In this case, however, the defendants latch onto two cases for the proposition that because there were no obstructions in front of the defendant’s car, and that because the plaintiff and another motorist managed to stop, this somehow combined to make the pickup truck’s sliding into the ditch an intervening cause. Strake v. R.J. Reynolds Tobacco Co., 539 S.W.2d 715 (Mo.App.1976), contained the issue of directing a verdict at the close of plaintiff’s evidence. Id. at 717. The eastern district found an intervening cause where the defendant’s car rear-ended the plaintiff’s car some 5 to 10 minutes before the second act of negligence occurred. Id. at 719. The other case, Metzger v. Schermesser, 687 S.W.2d 671 (Mo.App.1985), also involved whether or not a verdict should have been directed at the close of the plaintiff’s case. The court noted an intervening cause is a new and independent force interrupting the chain of events and it becomes the proximate cause.
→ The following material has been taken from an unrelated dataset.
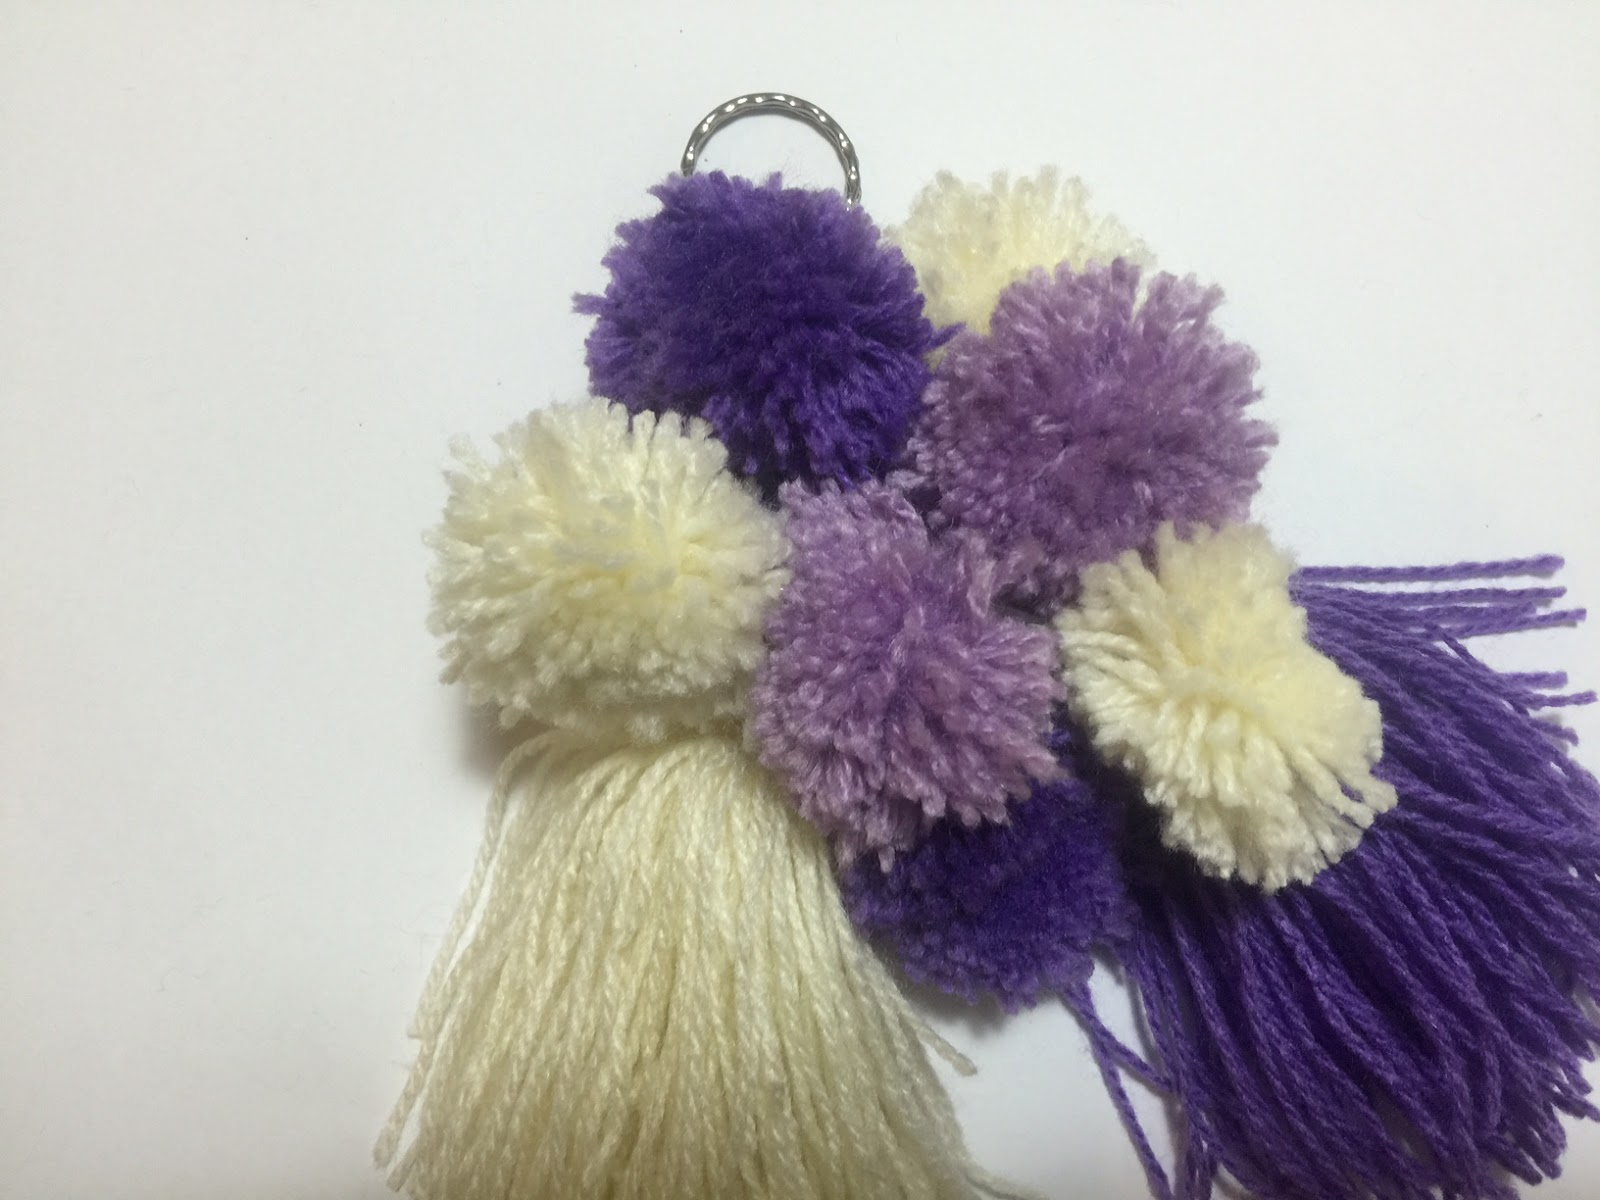 Home kids inspiraci n y creatividad como hacer un - Para hacer pompones de lana ...

Id. at 673. In Metzger, there was a car accident behind the plaintiff driver, who went back to turn on flasher lights on one of the cars. The intersection was dimly lit and a storm further impaired visibility. Id. at 672. The court noted under negligence principles the wrong that imperils the life of the victim is also a wrong to the rescuer. Id. The Metzger defendants, as here, argued their act of negligence was not the proximate cause, but that the plaintiff’s injuries were caused by the later arriving car. Id. at 673. Although noting an obstruction in the road, and the poor conditions, the Metzger court concluded these facts could not be determined, as a matter of law, to amount to leading to an intervening cause and so relieve the defendant of liability. The Metzger court also noted that the respective degrees of negligence among multiple defendants is generally a jury question. Id. at 674. This last statement is further authority to allow the plaintiffs in the case at bar to continue.

The judgment is reversed and the cause remanded for trial.